Real-world comparison of faricimab and aflibercept as second-line therapies for neovascular age-related macular degeneration
摘要
To compare real-world effectiveness of faricimab versus aflibercept as second-line therapies for neovascular age-related macular degeneration (nAMD).
MethodsThis multicenter retrospective cohort study included patients with nAMD who switched to faricimab or aflibercept as second-line anti-VEGF therapy and were followed ≥ 12 months. Outcomes included best-corrected visual acuity (BCVA, logMAR), central macular thickness (CMT, µm), injection intervals, and switching rates. Multivariable linear regression identified predictors of visual and anatomical change.

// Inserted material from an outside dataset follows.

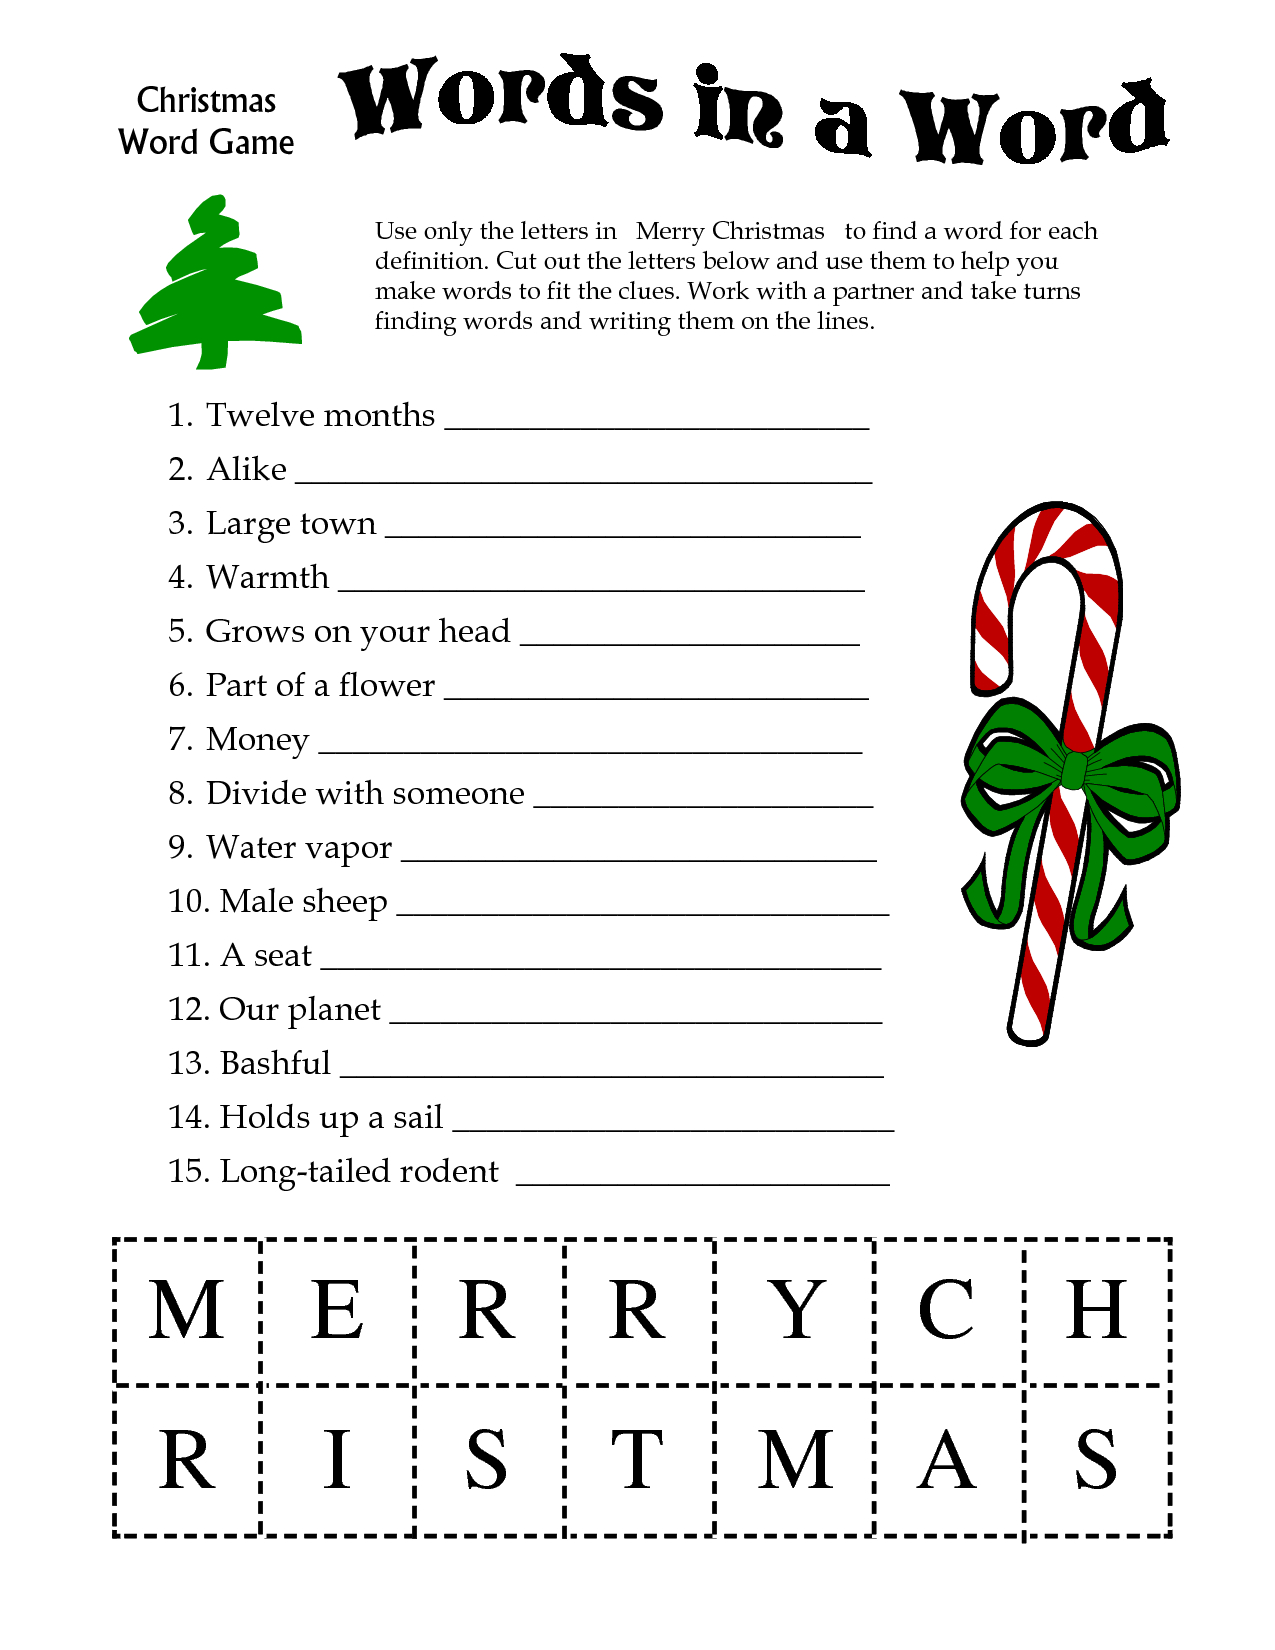 5 Images Of Free Printable Christmas Word Games   Printablee - Free Printable Christmas Word Games

ResultsA total of 170 eyes (84 faricimab, 86 aflibercept) were analyzed. Faricimab-treated eyes had worse baseline BCVA (0.60 ± 0.49 vs. 0.47 ± 0.37 logMAR; p = 0.048) and numerically lower baseline CMT (332.7 ± 107.9 vs. 367.5 ± 103.5 μm; p = 0.057). At final follow-up, faricimab achieved a significant BCVA gain (− 0.16 ± 0.42 logMAR; p < 0.001), while aflibercept maintained stable vision (p = 0.923). Both agents significantly reduced CMT (p < 0.001), with a greater mean reduction observed in the aflibercept group (− 96.7 ± 127.5 vs. − 56.8 ± 132.0 μm; p = 0.046). Final BCVA and CMT did not differ significantly between groups. Final injection intervals were similar between groups (7.5 ± 2.9 vs. 7.6 ± 3.1 weeks; p = 0.906), and switching to third-line therapy occurred less frequently in the faricimab group (4.8% vs. 12.8%; p = 0.065). Baseline BCVA predicted visual gain (B = − 0.199; p = 0.010) and baseline CMT predicted anatomical improvement (B = − 0.517; p < 0.001).
ConclusionIn this real-world multicenter cohort, both faricimab and aflibercept were associated with visual and anatomical improvement after switching to second-line therapy for nAMD. No statistically significant difference in final BCVA, final CMT or injection interval was observed between treatment groups. Baseline disease severity predicted treatment response. Given the retrospective design and residual confounding, these findings should be interpreted as associative rather than causal.